Substance Abuse and Addiction
To manage lockdown stress, many have found themselves self-medicating and kicking back on old habits, which is exactly what prior research suggests. When the economy falls, the use of alcohol and other drugs tends to spike—especially among those who lose their jobs. Along with many financial stressors, spending more time at home intensifies the propensity for use, which stay-at-home orders and social distancing guidelines have only helped worsen.
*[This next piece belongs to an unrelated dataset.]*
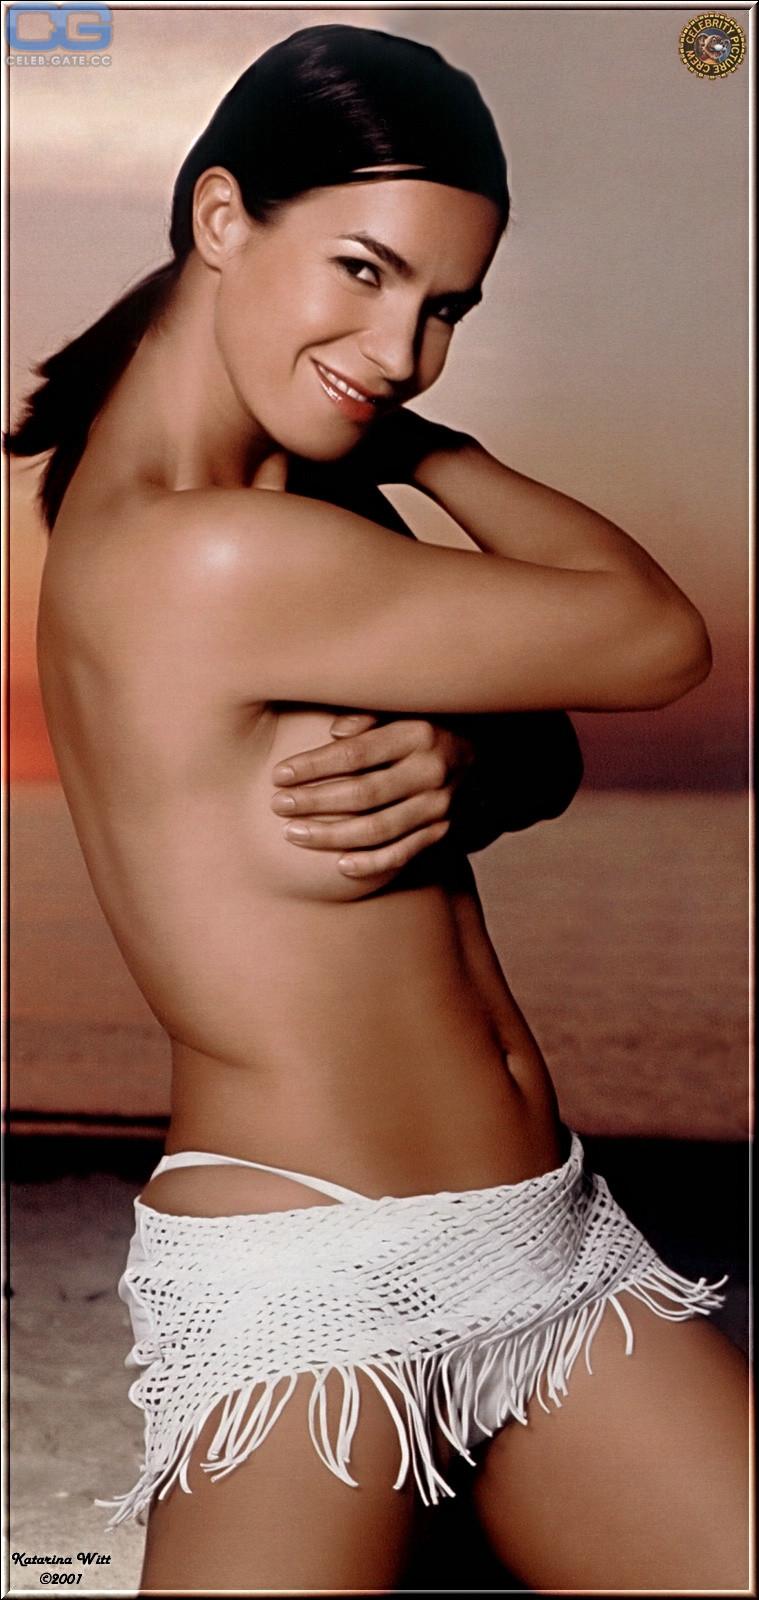 Katarina witt nacktbilder

People also seek out many addictive substances to find relief from social disconnection—which the brain can interpret as physical pain. That’s why it’s no surprise that the lockdowns have helped spell doom for those already suffering with addiction. Alone, it’s more difficult to resist relapse and misuse.
For the week ending April 25, year-over-year total off-trade alcohol sales were up 26.4 percent, down from a high of 55 percent in March when the lockdowns began. Online sales have exploded—recently growing in excess of 500 percent. But that’s not all because of people stocking up. The data has shown that more people have been buying more alcohol, of a higher proof and at a more frequent pace. That means that both consumption and sales have faced a significant uptick. Even as the rate of sales growth has slowly decreased in mid-April, year-over-year increases have remained quite high.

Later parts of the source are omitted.